### Data segment ###
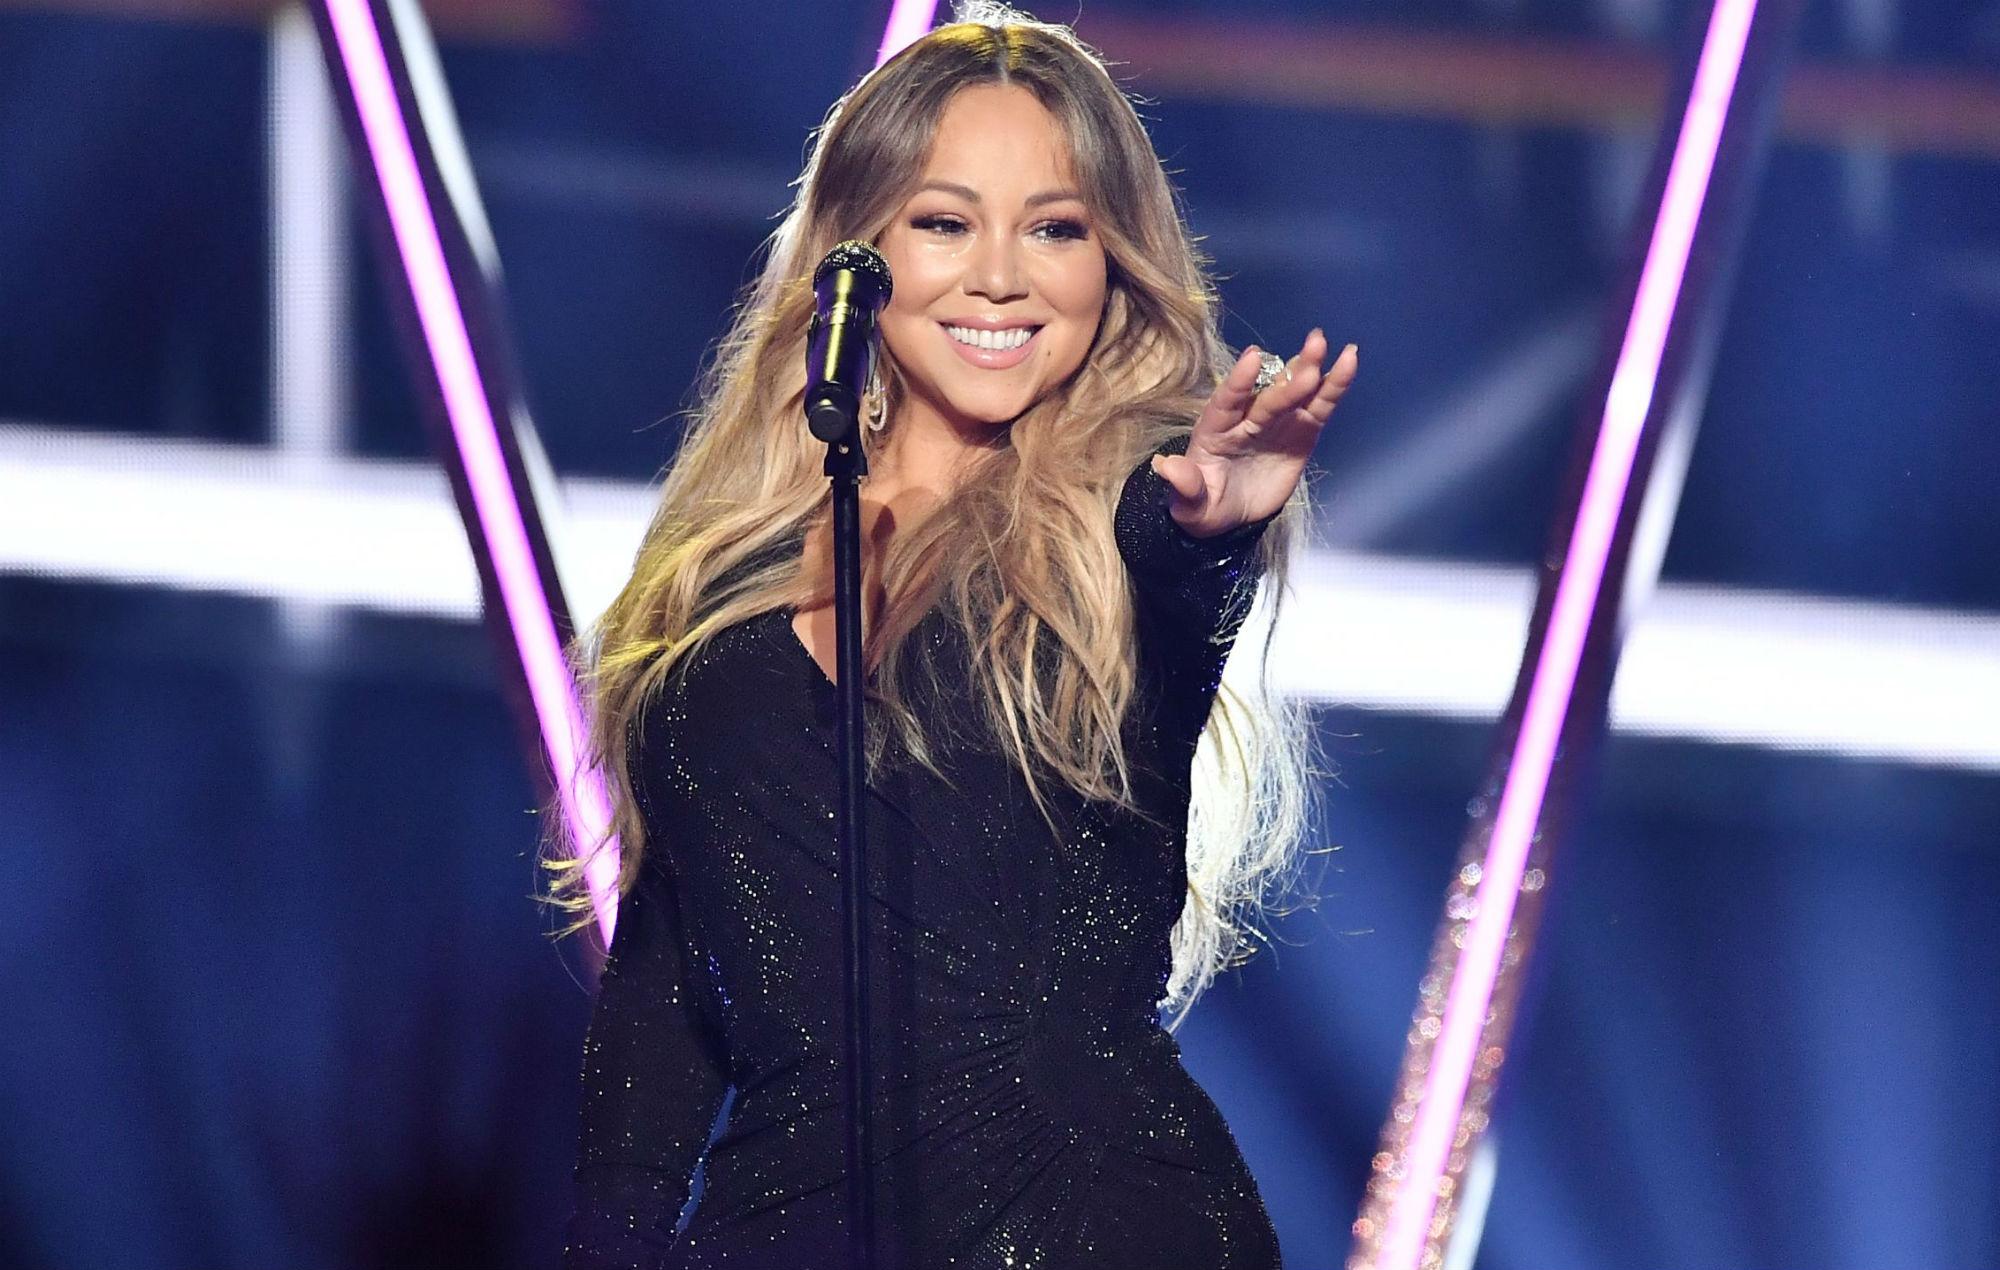 Mariah Carey to release memoir 'The Meaning of Mariah Carey', Shop Ticket Snatchers
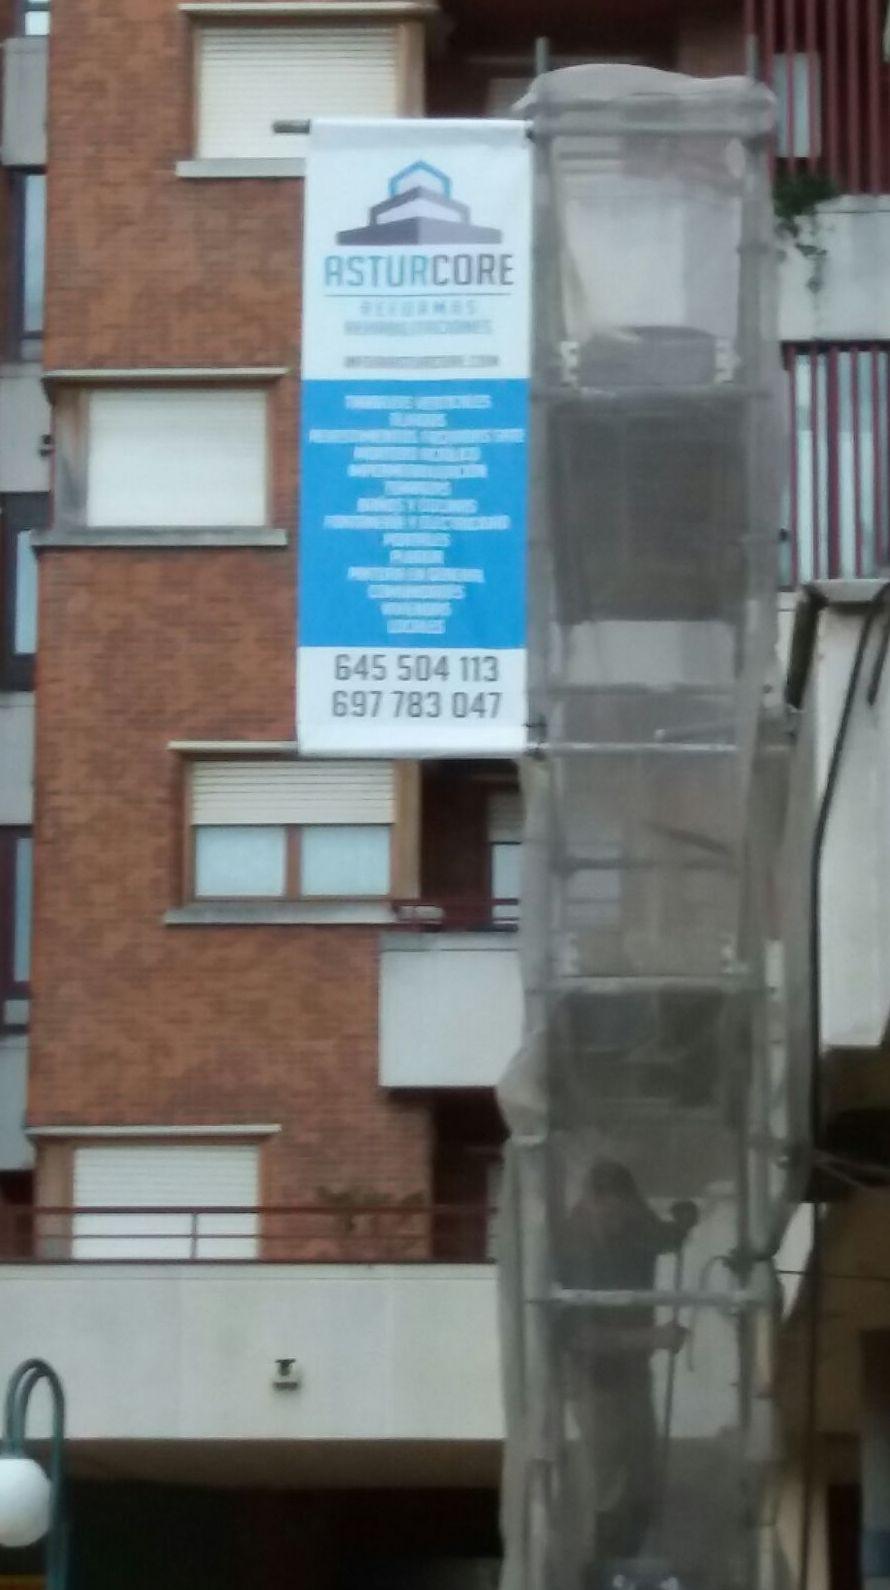 Foto 18 de Empresa de reformas en Oviedo | Asturcore
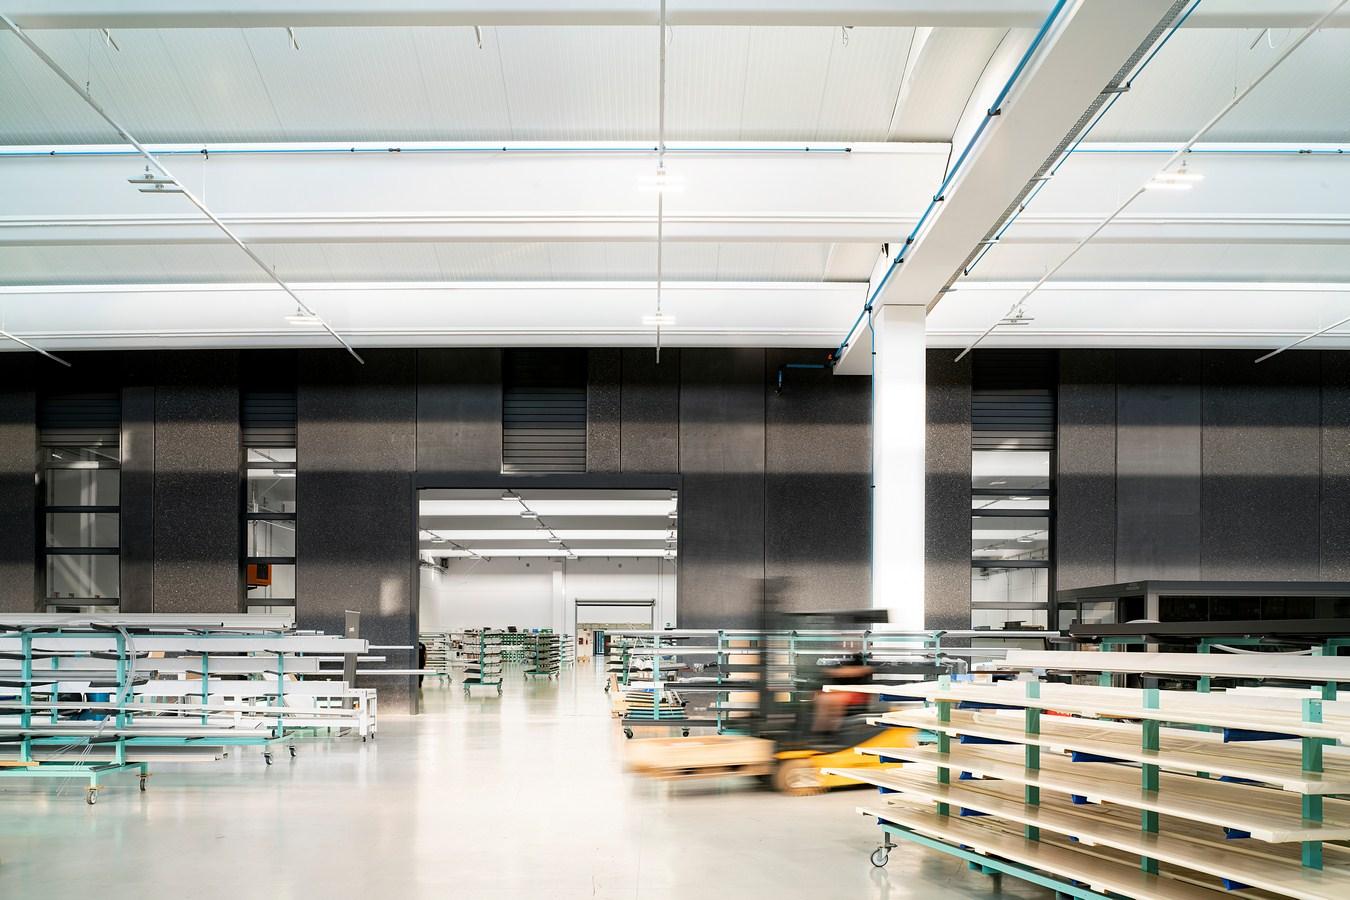 PRATIC 2.0 By GEZA - Gri e Zucchi Architettura - Sheet6
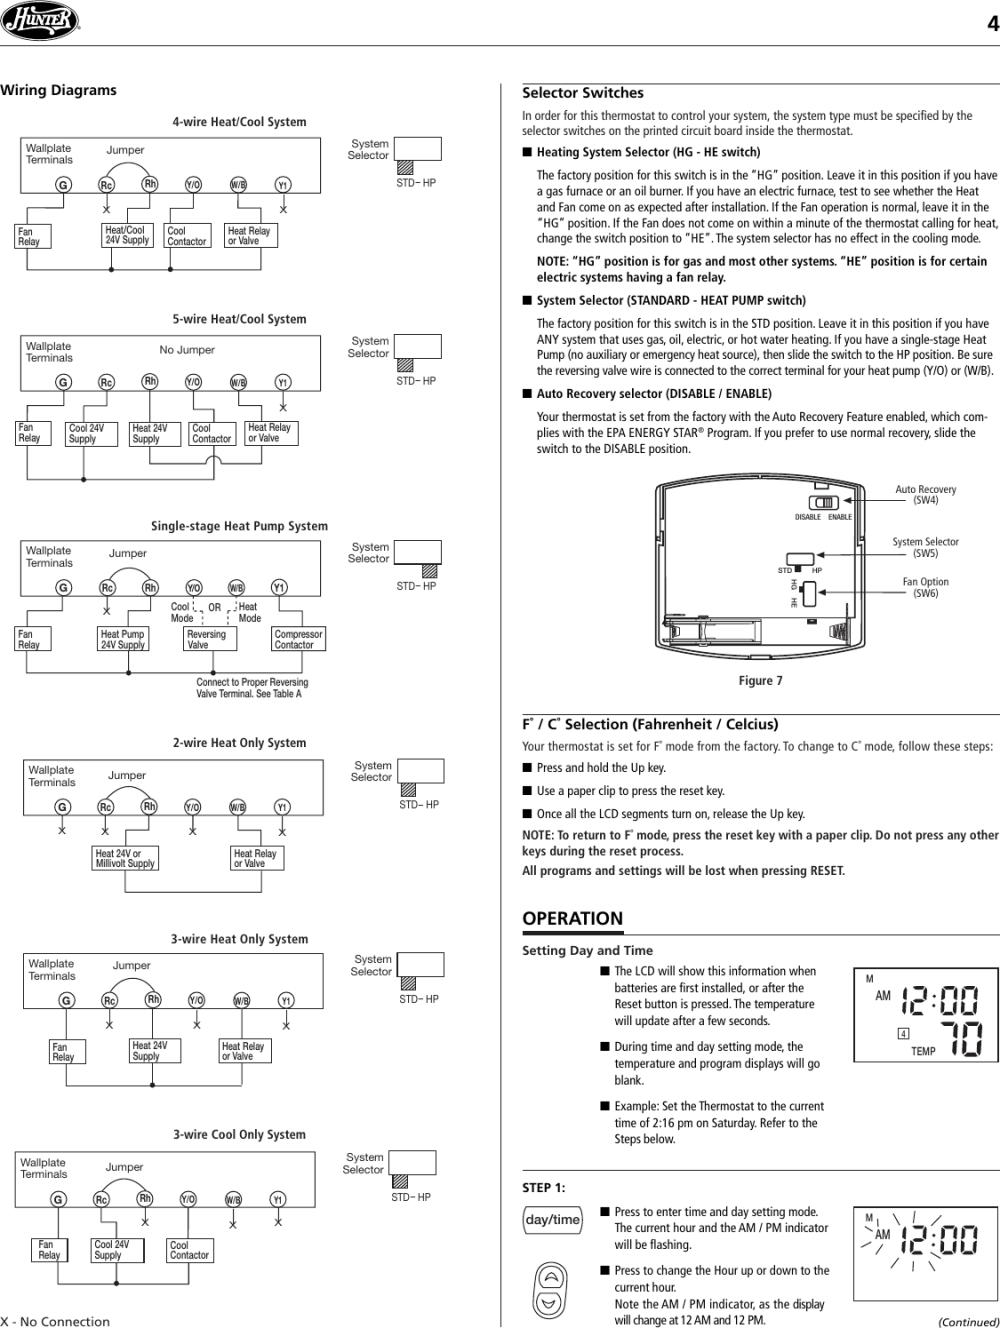 medium resolution of hunter fan 44260 users manual 41640 44260 web pmd coleman thermostat wiring diagram hunter thermostat 44260 wiring diagram 2wire
###
■ **Description of the task**
Copy each line above exactly, with no images.

■ **Exercise result**
 Mariah Carey to release memoir 'The Meaning of Mariah Carey', Shop Ticket Snatchers
 Foto 18 de Empresa de reformas en Oviedo | Asturcore
 PRATIC 2.0 By GEZA - Gri e Zucchi Architettura - Sheet6
 medium resolution of hunter fan 44260 users manual 41640 44260 web pmd coleman thermostat wiring diagram hunter thermostat 44260 wiring diagram 2wire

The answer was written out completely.